Phil Karlton: "There are only two hard things in computer science: cache invalidation and naming things."

Layers

Where Caches Live

Layer	Examples	What it caches
Browser	HTTP cache, service worker	Static assets, API responses with explicit headers.
CDN / edge	Cloudflare, CloudFront, Fastly	HTML, images, JS, JSON — close to the user.
Reverse proxy	Varnish, NGINX, HAProxy	Whole responses keyed by URL + headers.
Application — local	Caffeine (Java), `functools.lru_cache` (Python), in-process LRU	Hottest values, no network hop. Per-instance.
Application — distributed	Redis, Memcached	Shared across instances. Single source of cached truth.
Database	Buffer pool, query cache, materialized views	Pages, query plans, precomputed aggregates.
Client SDK	Apollo, React Query, SWR	API responses, normalized for the UI.

Most production systems have caches at three or four of these layers simultaneously. The hard part isn't adding one — it's reasoning about all of them at once.

Patterns

How Code Talks to a Cache

Cache-aside (lazy loading)

The application checks the cache; on a miss, it reads the source of truth, populates the cache, and returns. On writes, it updates the source and either invalidates or refreshes the cache entry.

Pros: simple, resilient — the system works even if the cache is down. Cons: first request after expiry is slow; risk of stampedes when many readers miss at once.
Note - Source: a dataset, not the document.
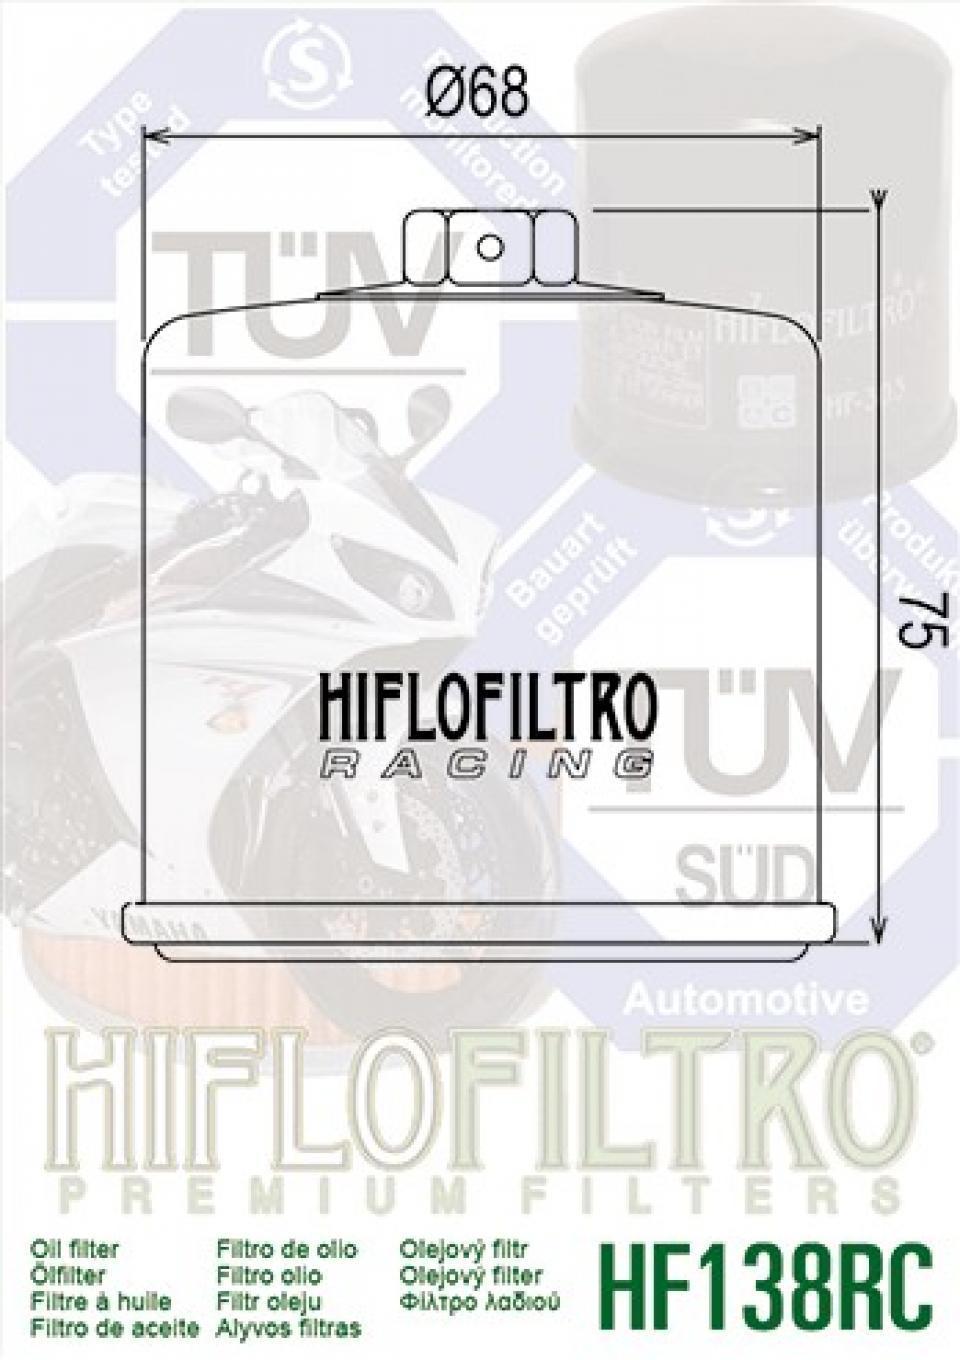 Filtre à huile Hiflofiltro pour Moto Suzuki 650 Gsf Bandit N Abs 2005 à 2006 HF138RC Neuf
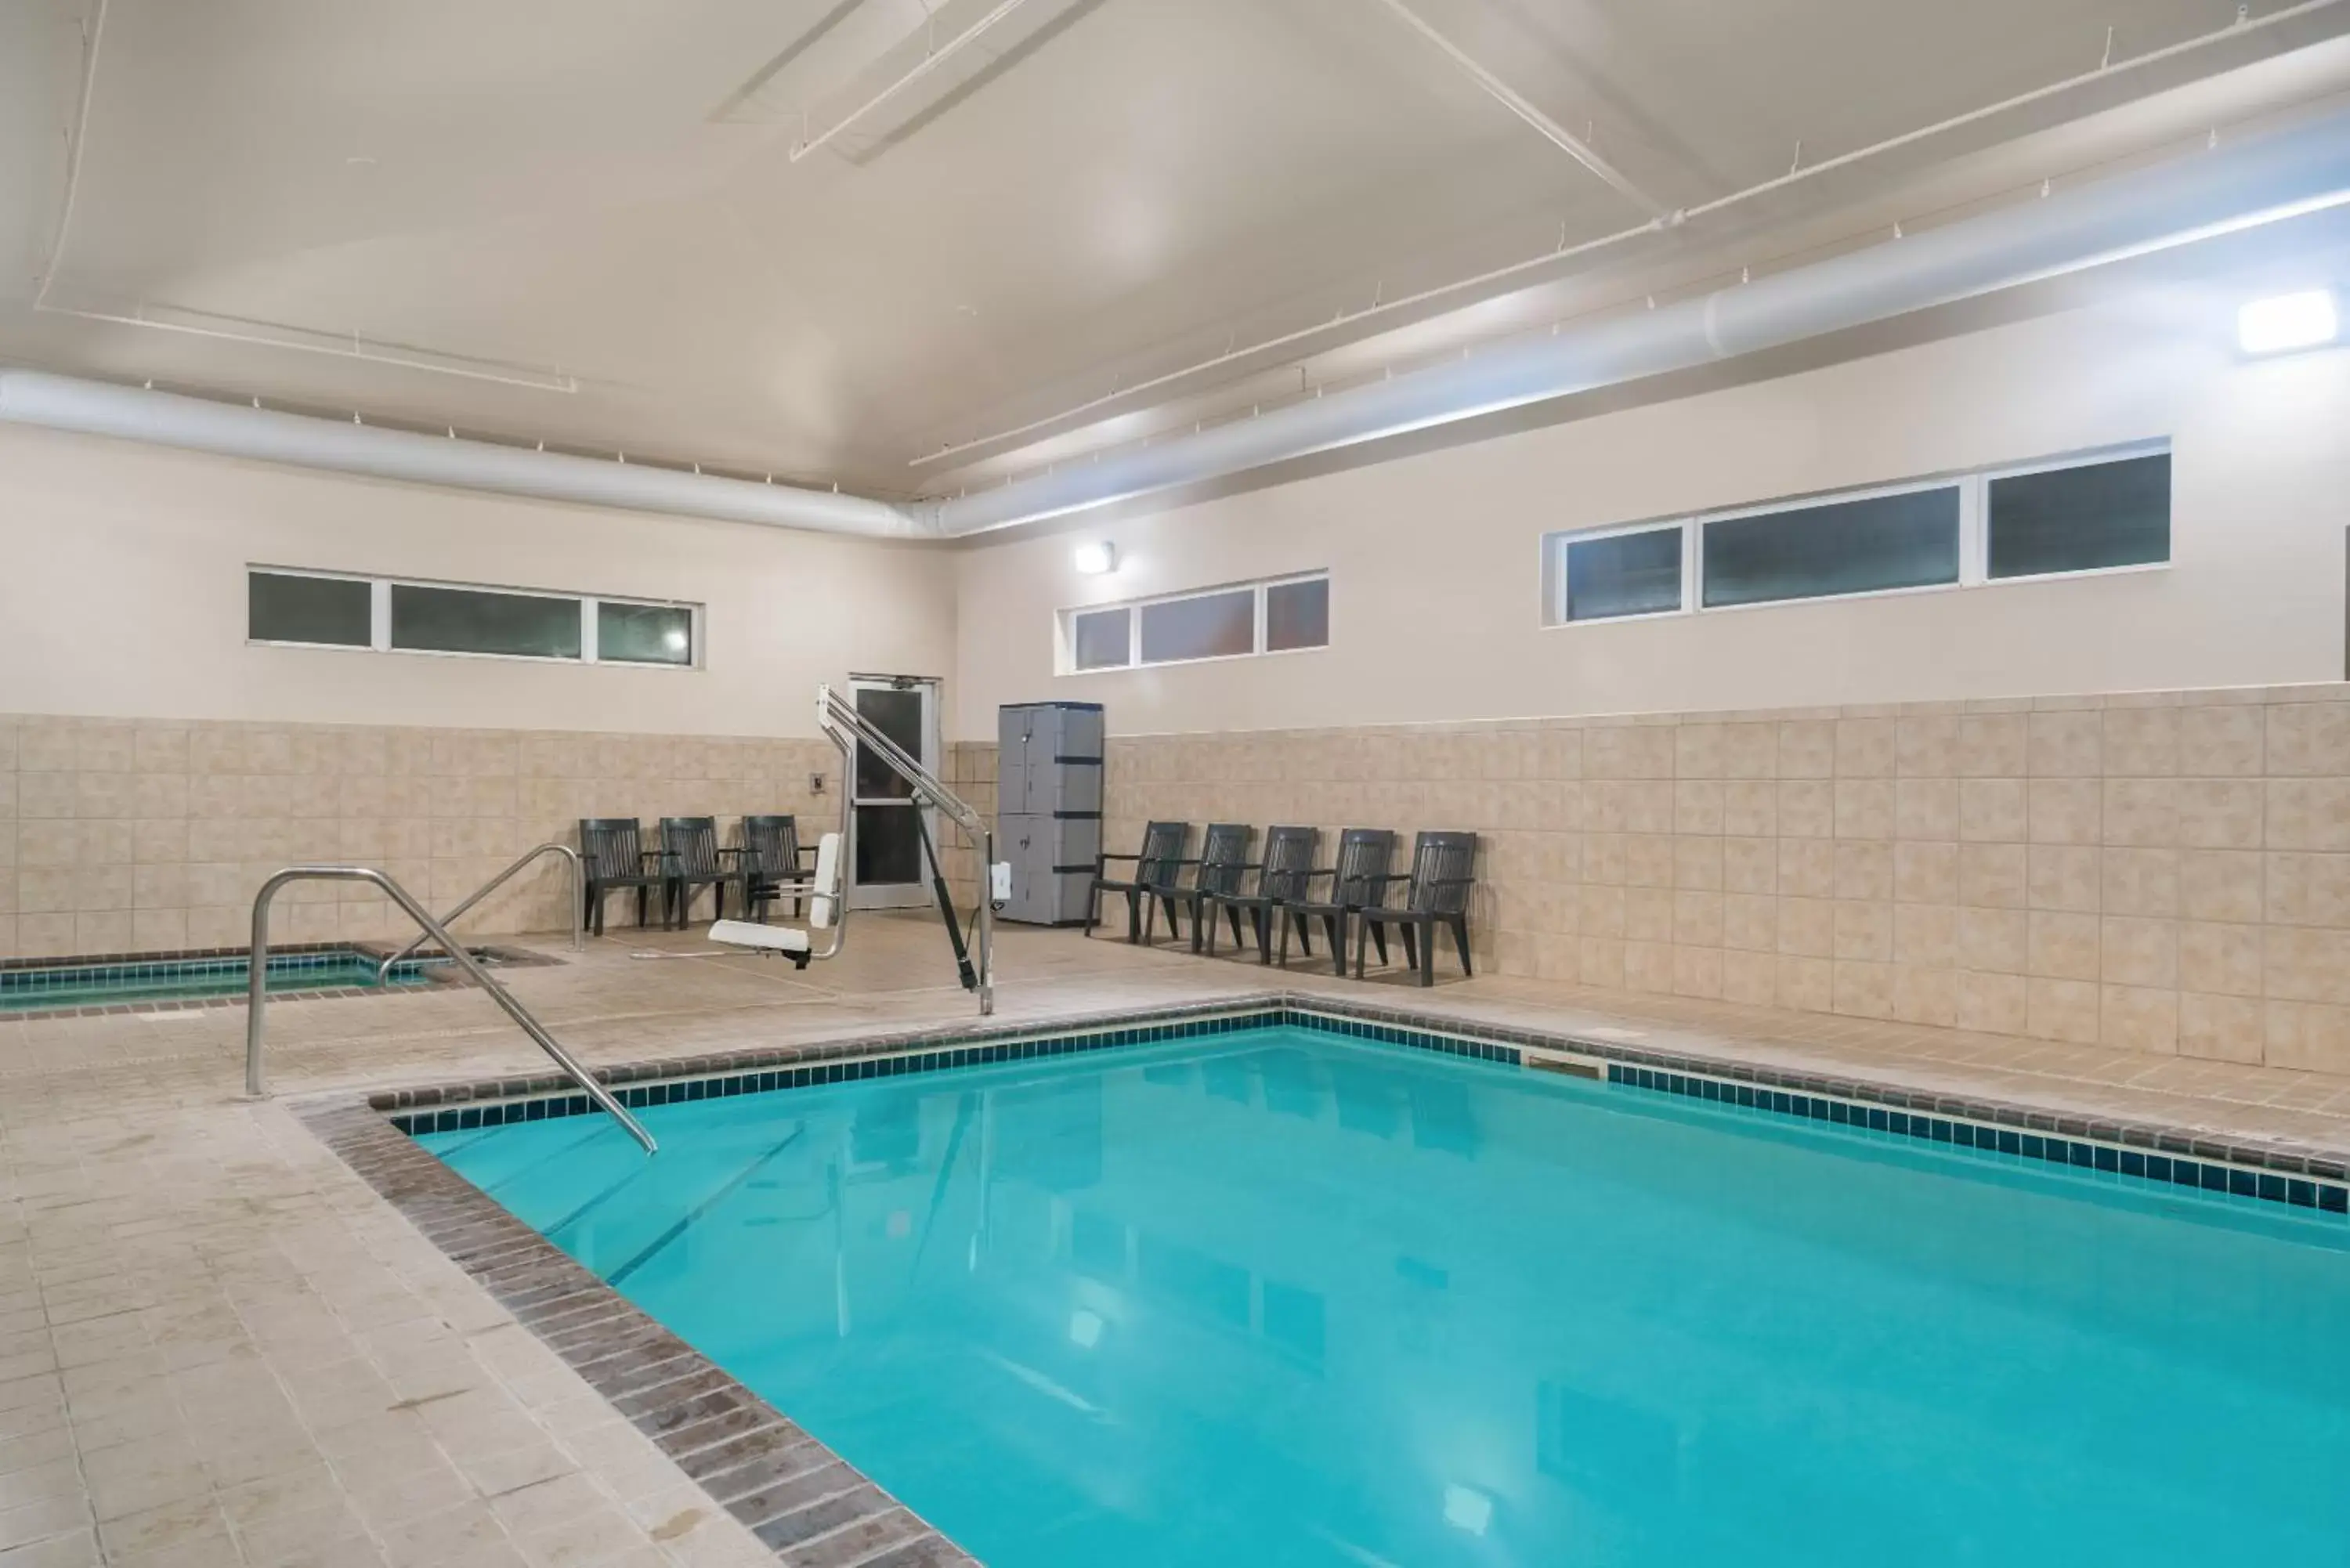 Swimming Pool in Microtel Inn & Suites by Wyndham Springfield

The default choice. If you don't know which pattern to use, use this one.

Read-through

The cache itself fetches from the source on a miss. The application only talks to the cache. Common in client SDKs and in caching libraries with built-in loaders (e.g., Caffeine's LoadingCache).

Pros: cleaner application code. Cons: coupling — the cache becomes a runtime dependency, and configuring loaders adds complexity.

Write-through

Writes go to the cache and the source synchronously. Reads always hit fresh data.

Pros: never stale. Cons: every write pays both costs; no benefit if the data is rarely read.

Write-behind (write-back)

Writes hit the cache and queue an async write to the source. Fastest writes, eventual consistency.

Pros: excellent write latency, can absorb bursts. Cons: data loss risk if the cache crashes before flushing — only acceptable for non-critical data.

Refresh-ahead

Asynchronously refresh entries before they expire, based on access patterns. Hot keys never go cold.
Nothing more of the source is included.